Rhomboïde : Parallélépipède.

Ombu : Arbre originaire d'Amérique du Sud, fréquemment planté dans le sud de l'Europe. 

Kamichi : Oiseaux à l'allure d'échassiers, grands, aux pattes longues et robustes. Ils ne possèdent pas de palmure interdigitale bien développée ; la tête et le bec sont petits et crochus. 

Ibis vanduria : L'Ibis mandore, ou Ibis à cou blanc est une espèce d'oiseaux aquatiques d'Amérique du Sud. Il est communément appelé bandurria dans les pays hispanophones et curicaca dans les pays lusophones.

Pampero : Le pampero est un vent froid accompagné de fortes rafales, de sud à sud-ouest, sur les pampas de l'Argentine et de l'Uruguay.

Dharma : Terme polymorphe et important dans les spiritualités et religions indiennes.
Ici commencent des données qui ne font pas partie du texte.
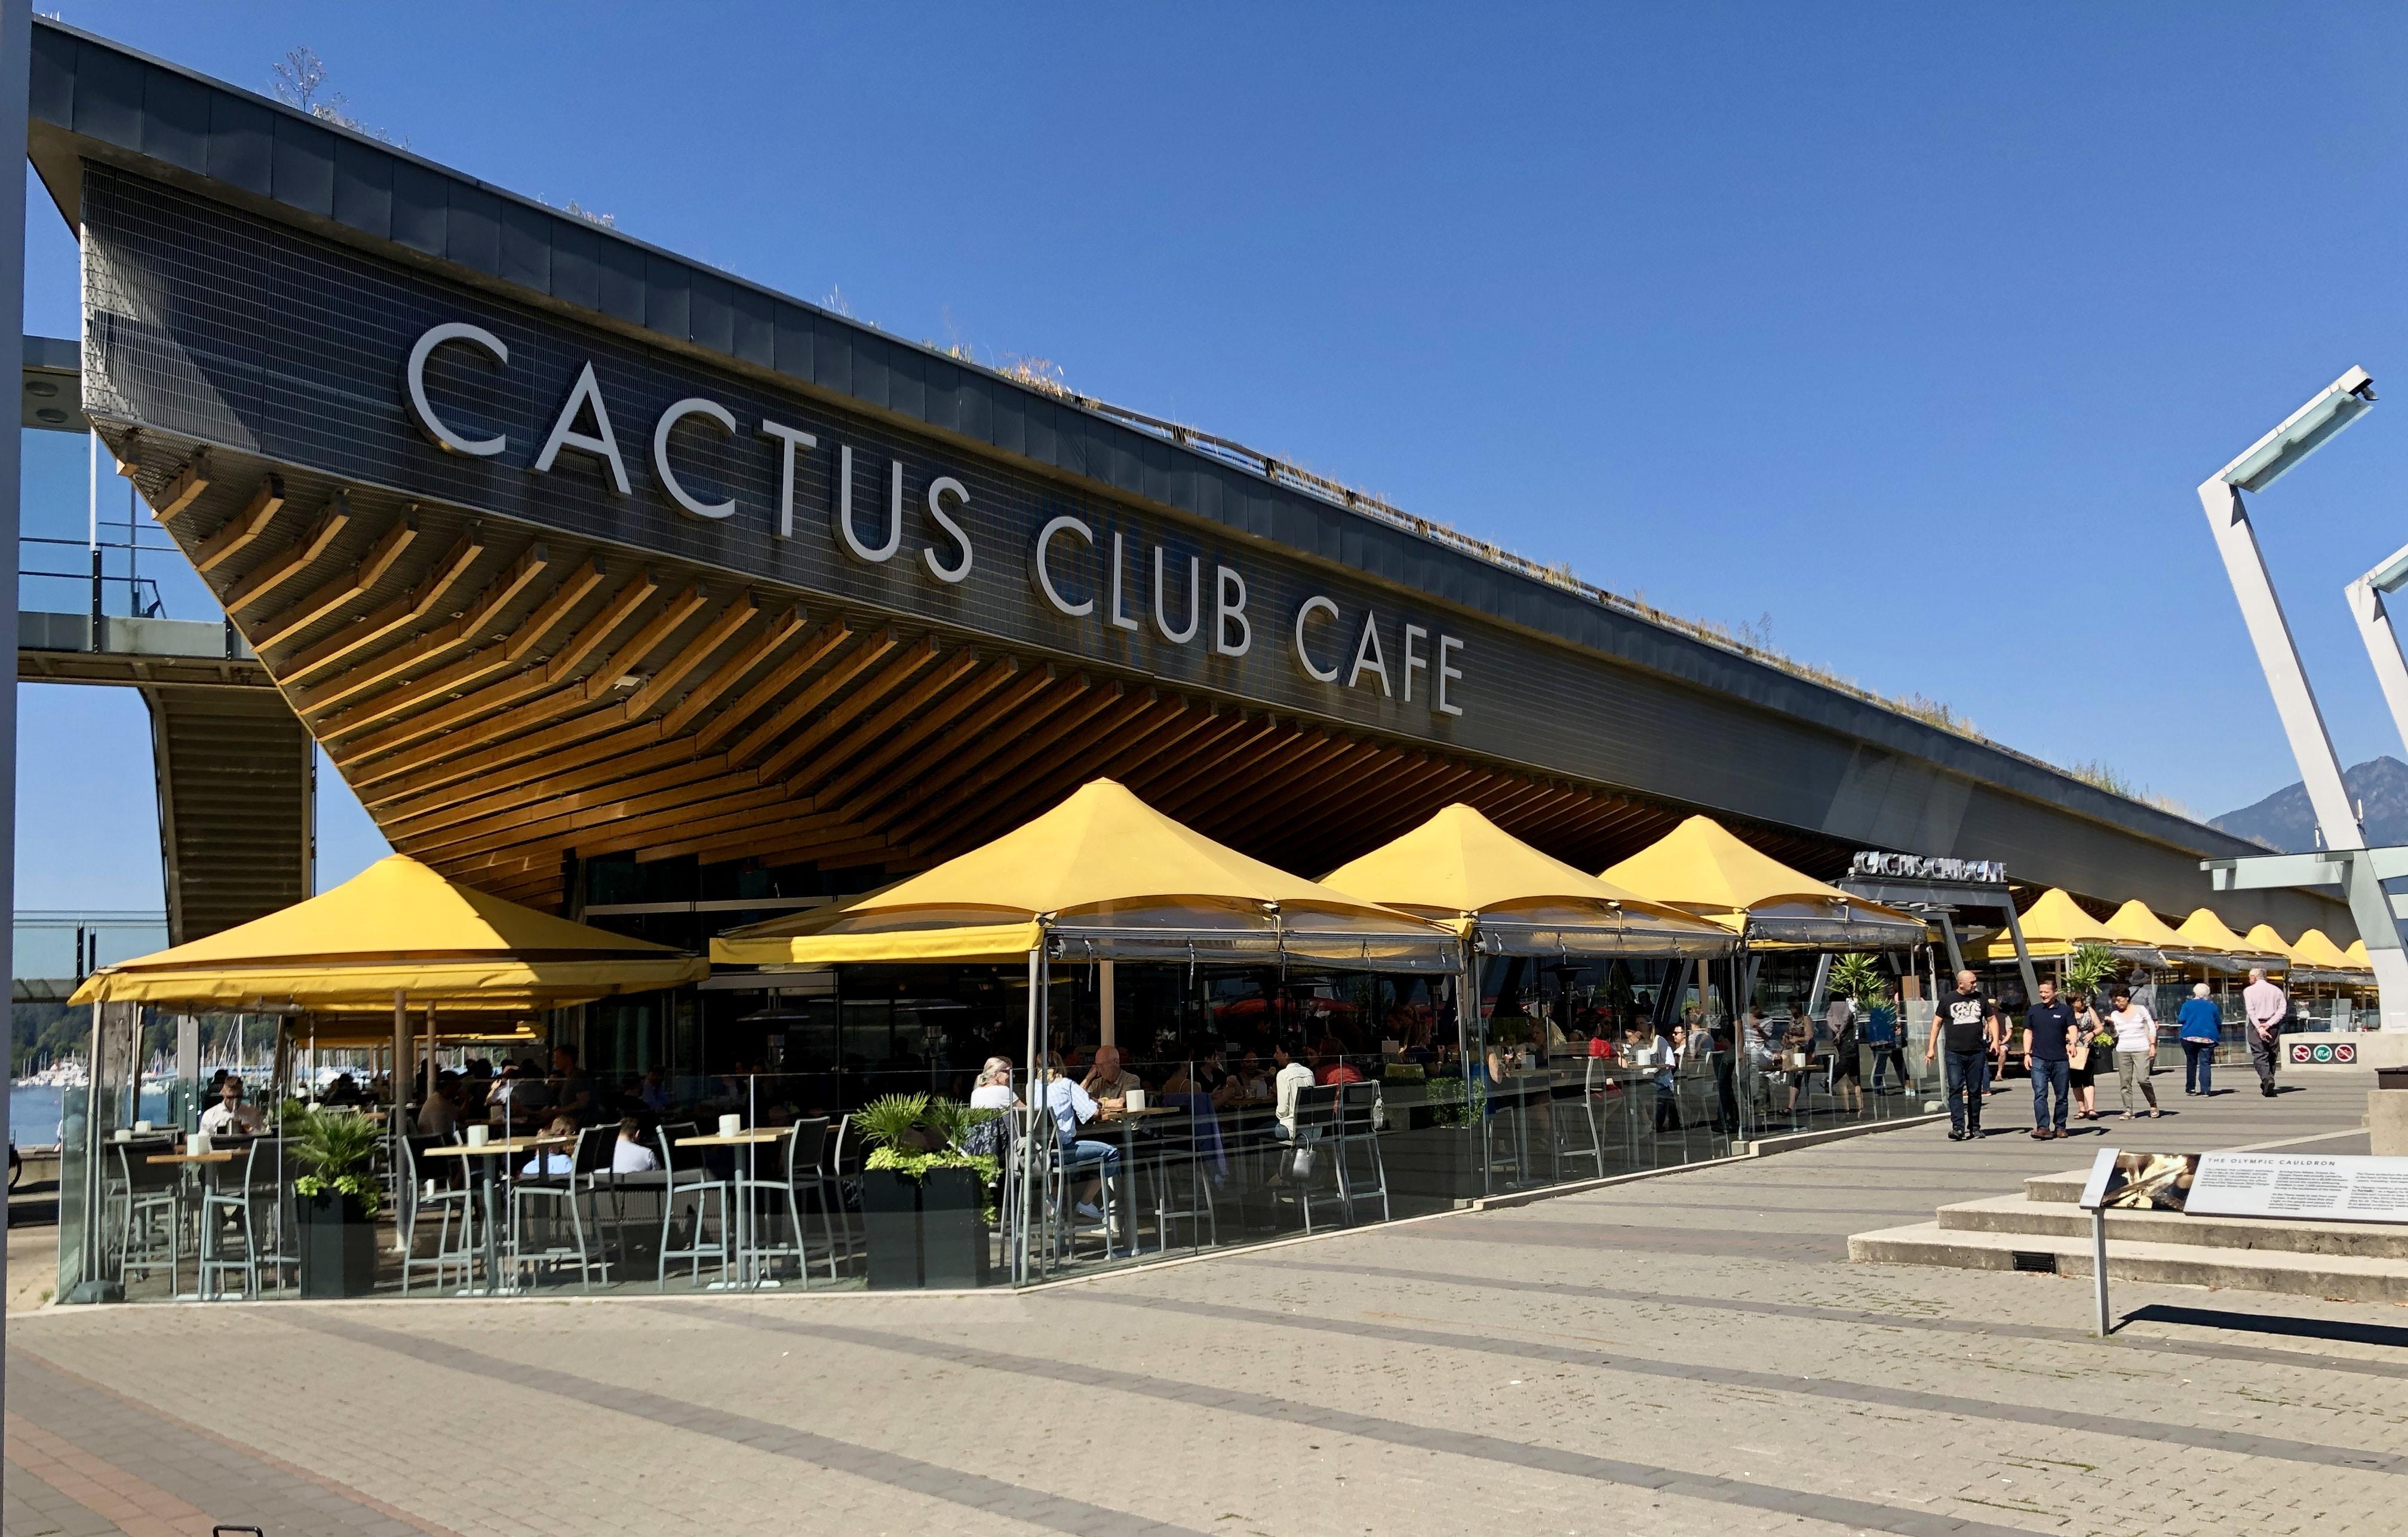 Cactus Club Cafe Vancouver

Selon le contexte, la définition diffère et recouvre une grande variété de sens théoriquement dérivés de la racine dhṛ, porter, soutenir. De façon générale, dharma désigne donc l'ensemble des normes et lois, sociales, politiques, familiales, personnelles, naturelles ou cosmiques. Le terme traduit parfois « religion » en Occident, sans pour autant que les croyances originellement indiennes, nommément l'hindouisme, le bouddhisme, le jaïnisme et le sikhisme lui attribuent une signification équivalente au concept occidental. Dans la mythologie hindoue, c'est un sage (rishi) personnifiant la justice et l'ordre naturel.

Matines : En Occident, l'office de matines ou des vigiles est le premier office du cursus de l'office divin, destiné à sanctifier le temps de la nuit. Il est caractérisé par une psalmodie prolongée, entrecoupée de lectures longues et du chant de répons destinés à l'intériorisation des lectures.

Fionn Mac Cumhaill : Légendaire guerrier de la mythologie celtique irlandaise, également connu en Écosse et dans l'île de Man. Les histoires de Finn et de ses compagnons, les Fianna, s'intègrent au Cycle Fenian. Elles seraient principalement narrées par le fils de Finn, le guerrier et poète Ossian. 

Pista barfi : Dessert indien à base d'amandes et pistaches.

Jalebi : Spécialité frite de la cuisine orientale traditionnelle, intermédiaire entre un gâteau et une confiserie, également appelée zlabia au Maghreb.

RishiRishi signifie « chantre-auteur des hymnes védiques, poète, voyant ; démiurge, géniteur ; patriarche, sage, ascète, ermite ». Un Rishi védique est un témoin primordial de toutes les régularités à l'œuvre en ce monde qui manifestent pour lui le Véda au sens premier de « découverte » de l'ordre cosmique. Il est celui qui a vu les vérités éternelles. Après la période védique de la culture indienne, le brahmanisme conçoit les sept Rishi (saptarṣi) comme d'anciens sages qui auraient « entendu » le Véda primordial. L'hindouisme considère les Rishi comme des yogi qui, en méditation profonde, entendirent les « hymnes » du Véda émanés du Brahman.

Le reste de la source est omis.